You've got to hand it to him.

You've got to hand it to him.

MPAA Rating


Running Time

112 minutes


Michael Chaves

Screenplay by

David Leslie and Johnson-McGoldrick

You had hope that the new Conjuring movie would not be like other dull “horror” movies of the obtuse ConjurVerse as the first two Conjuring movies had cheap but relatively effective scares as opposed to the tepid milk that is the rest of the ConjurVerse.

The only thing that most of the ConjurVerse movies share with each other is a distinct lack of actual frights. Unless you’re in Jr. high. Or grade school. Or scare easily. Or are a little b*tch.

Unfortunately, you’d be much better off watching the first two Conjuring movies again than sitting through this uninspired and derivative threequel.

As you watch it, you’d think the devil wanted to get you with boredom.

Satanic Synopsis!!!

The Conjuring Three (because I’m not wasting my time with such a long title for such a mediocre movie) opens in 1981 at the Glatzel household. There’s a mother and a father and a daughter. They all have actual names but no one really gives a f*ck about them because all we really care about is little David Glatzel (tiny Julian Hilliard from The Haunting of Hill House).
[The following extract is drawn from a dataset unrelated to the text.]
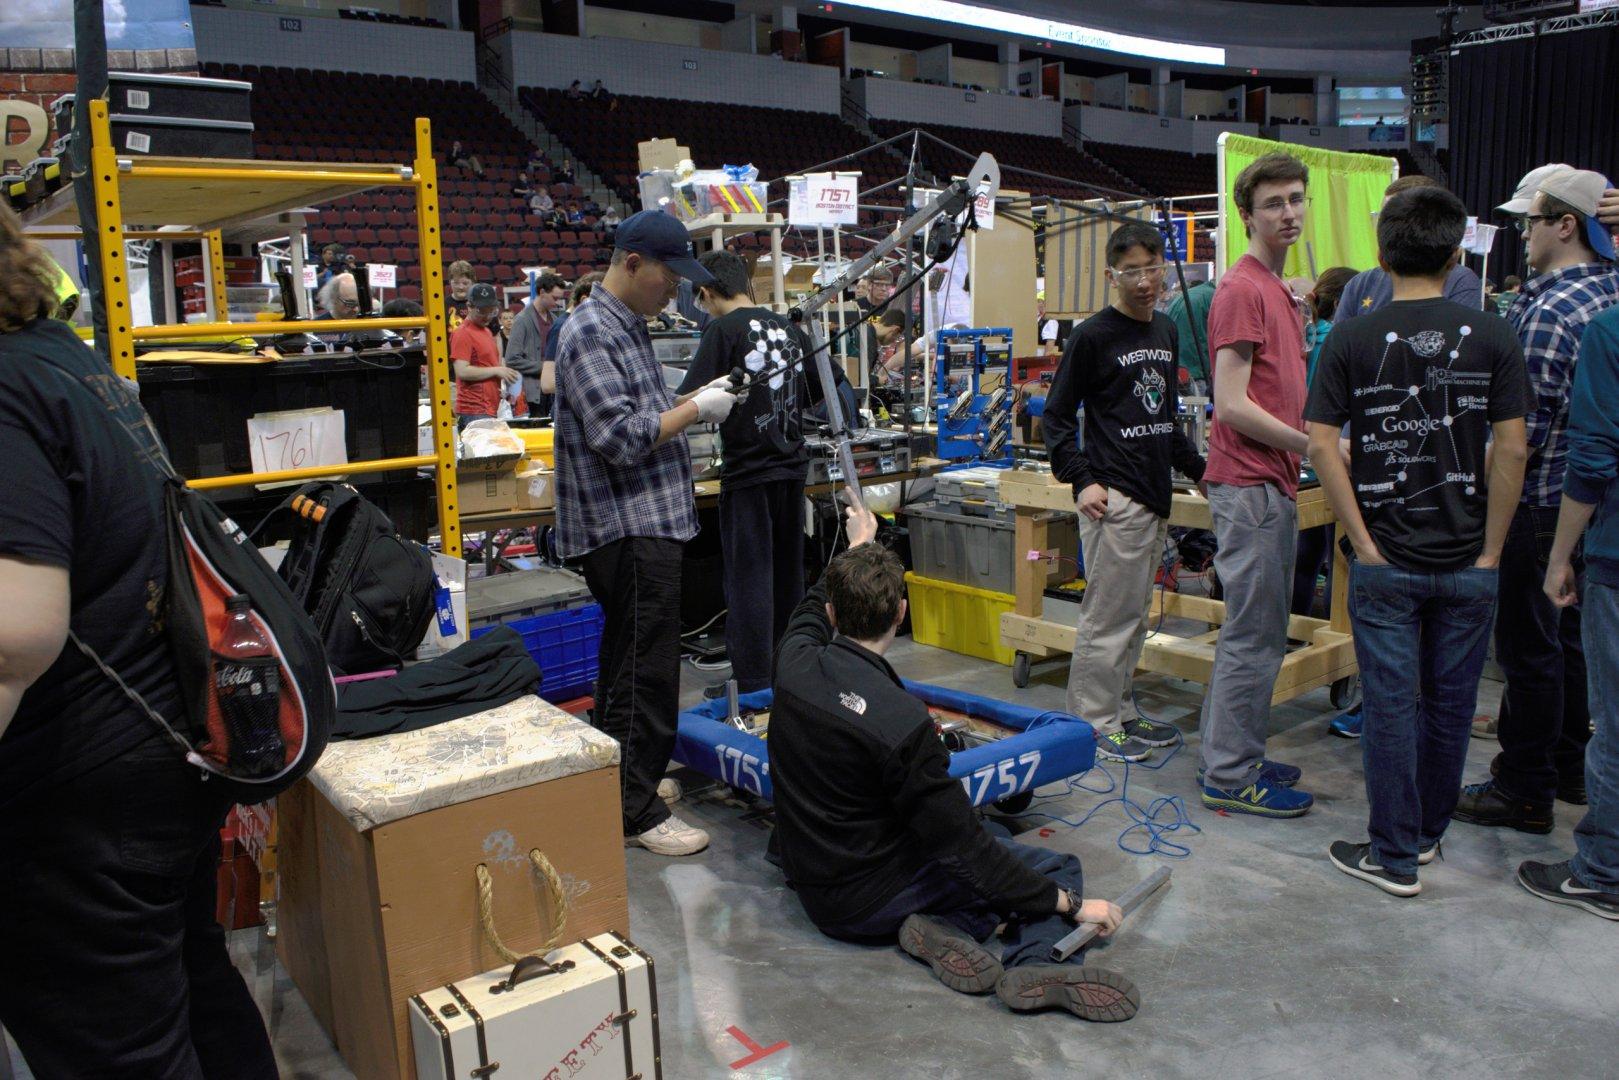 021.Boston FIRST Robotics Competition 04-03-2016.jpg
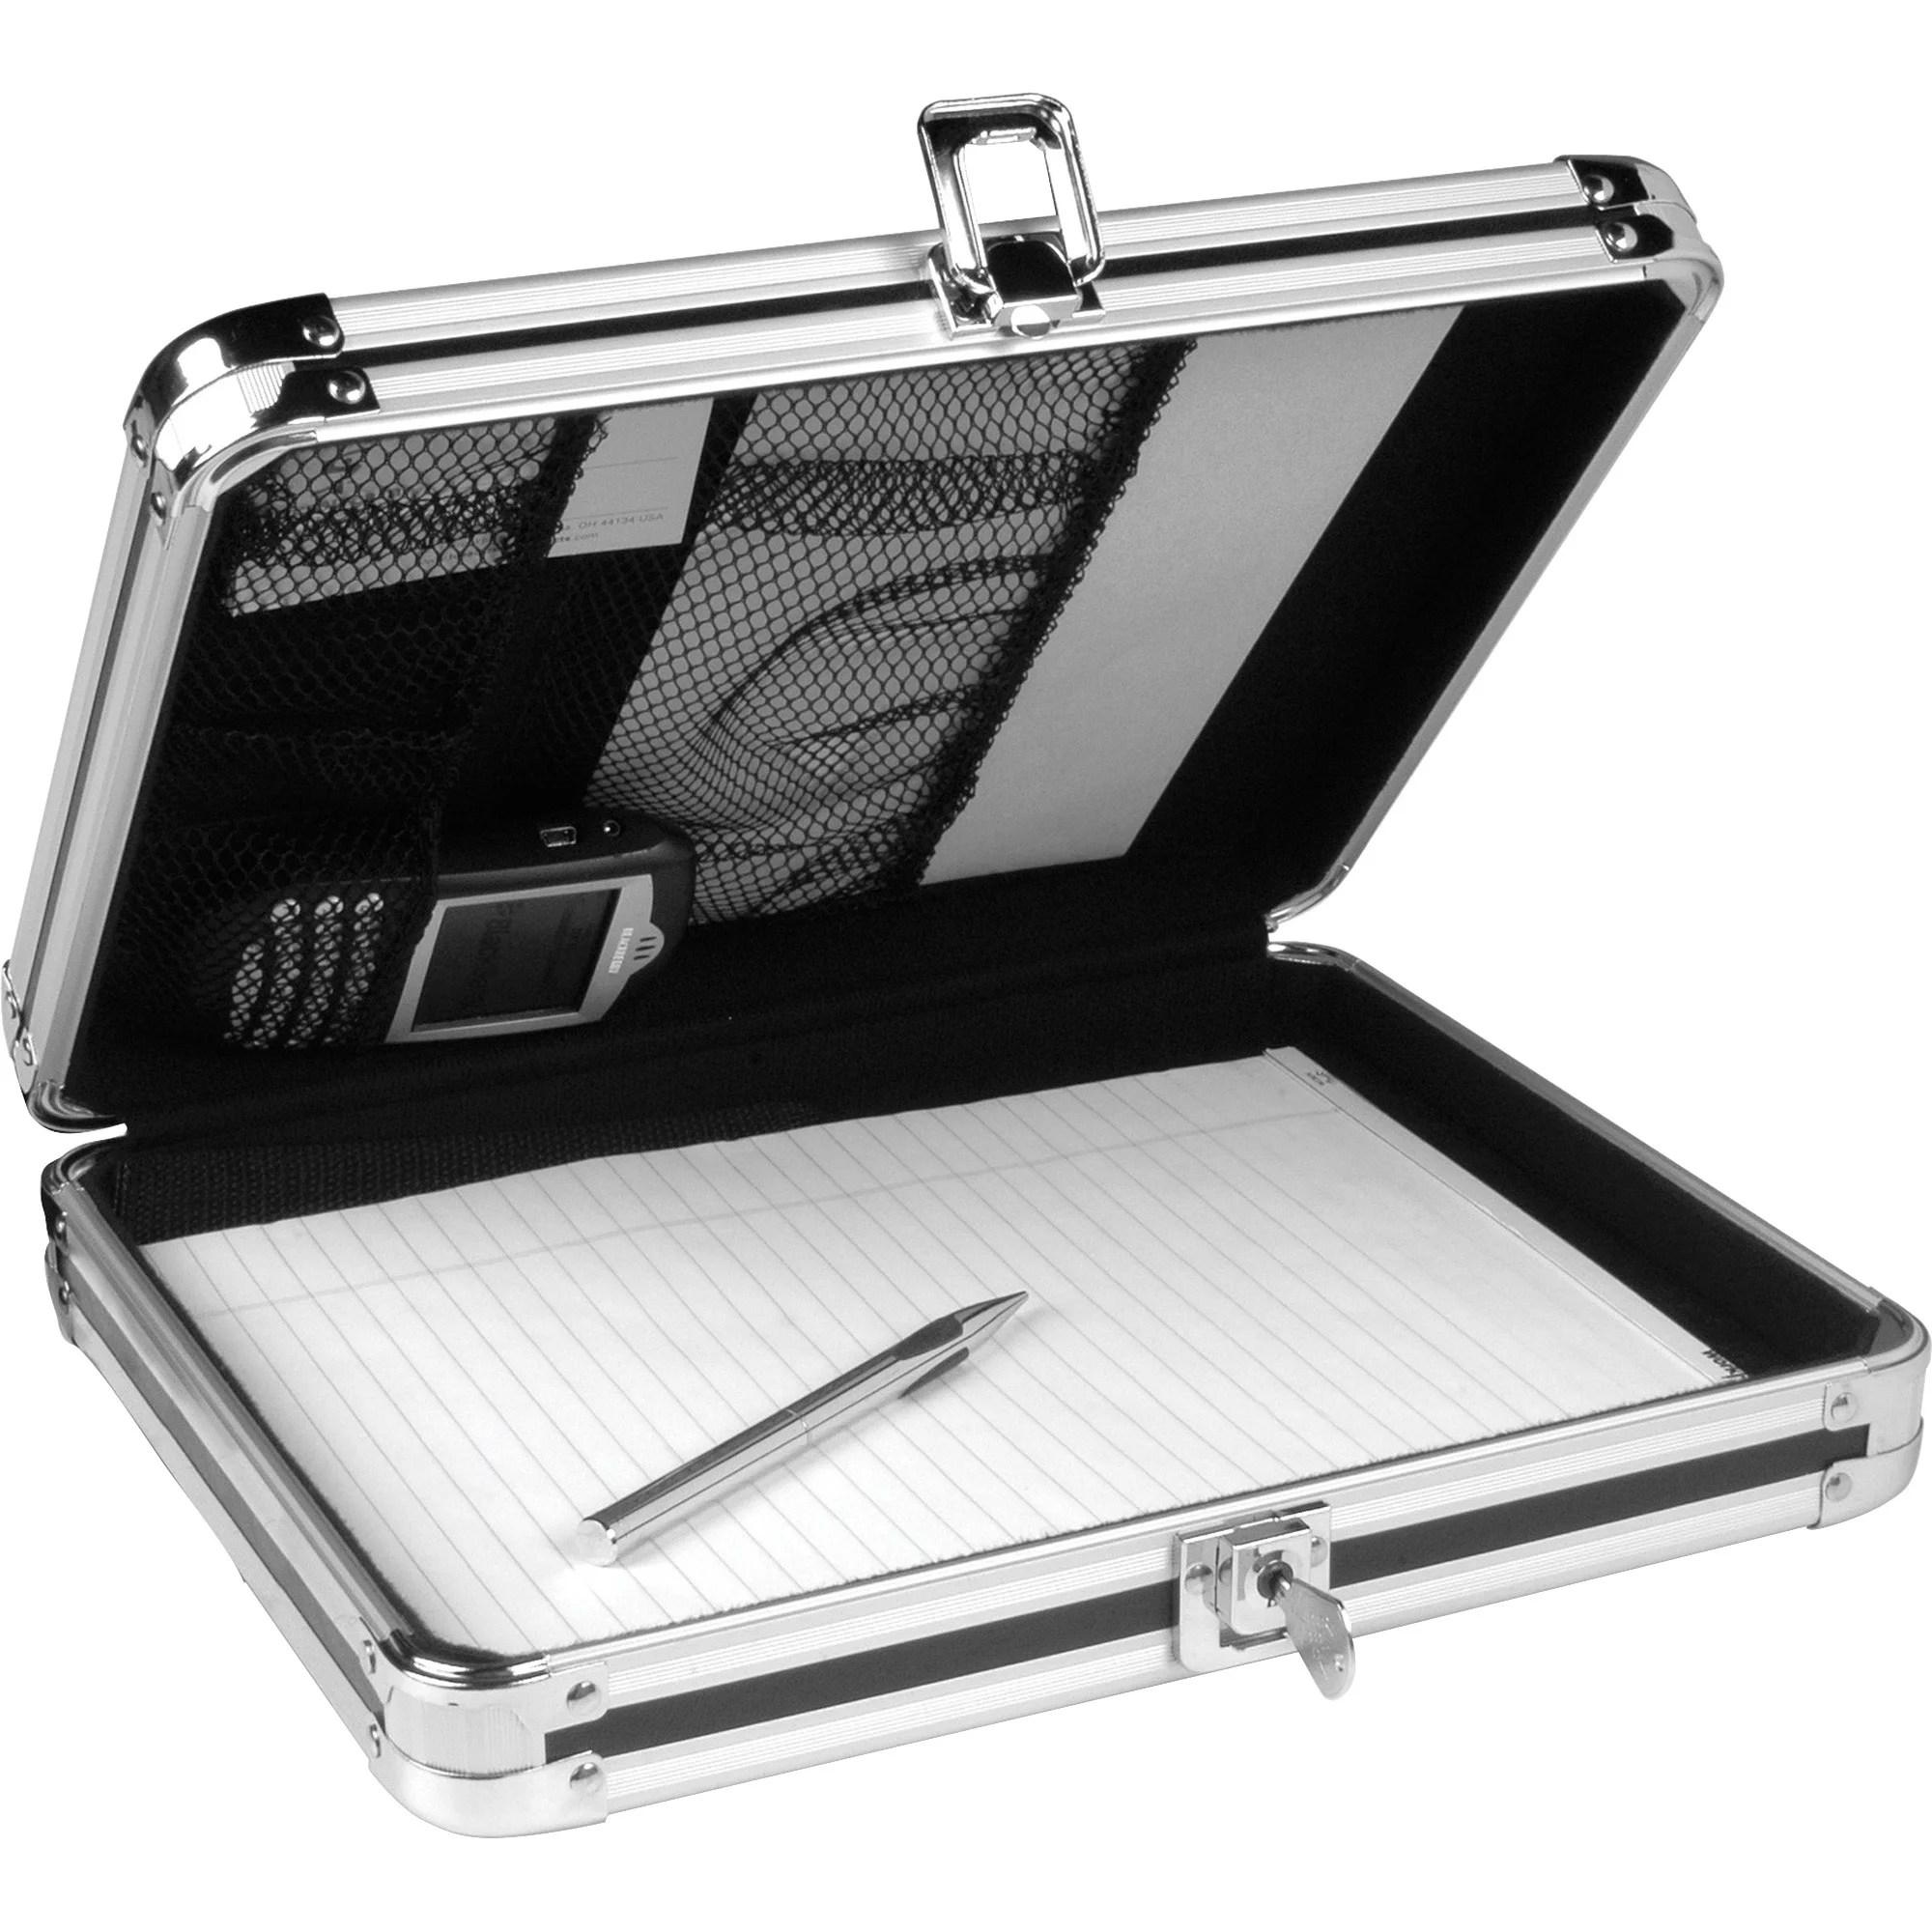 vaultz locking storage clipboard black chrome 1 each quantity

David is eight years old, likes race cars and puppies and is currently being possessed by a demon.

But if there’s something strange, in the Glatzel hood, who you gonna call? Ed and Lorraine Warren (Patrick Wilson and Vera “Near” Farmiga, trading 70s bell bottoms for 80s Michael Jackson zipper jackets).

They have a particular set of skills that make them extremely useful in demonic situations. They’ve brough their trusty priest friend Father Gordon (Steve Coulter) with them. Remember, it’s 1981 so we don’t know it’s a bad f*cking idea to have a priest around an eight year old boy.

Ed and Lorraine are up to their popped collars in demonic possession. We want them to save little David because he’s just so darned cute. He looks like that kid from Jerry Maguire. You know, the one that says, “Bees and dogs can smell fear”.

You know who else can smell fear?

She looks like she's enjoying the movie.

She looks like she's enjoying the movie.

David has a big sister Debbie (Sarah “Captain” Hook). Debbie has a boyfriend Arne (Ruairi O’Connor). Arne is such a good boyfriend that he’s willing to hang out with Debbie at dinner, pick up tampons, and wash dishes whenever there’s a family exorcism.

Arne is so upset that he forgets that there’s an ‘I’ in Arnie. Also, he tells the demon to inhabit him instead of David, like a dumb*ss.

Ed and everyone in the audience says that’s a terrible idea.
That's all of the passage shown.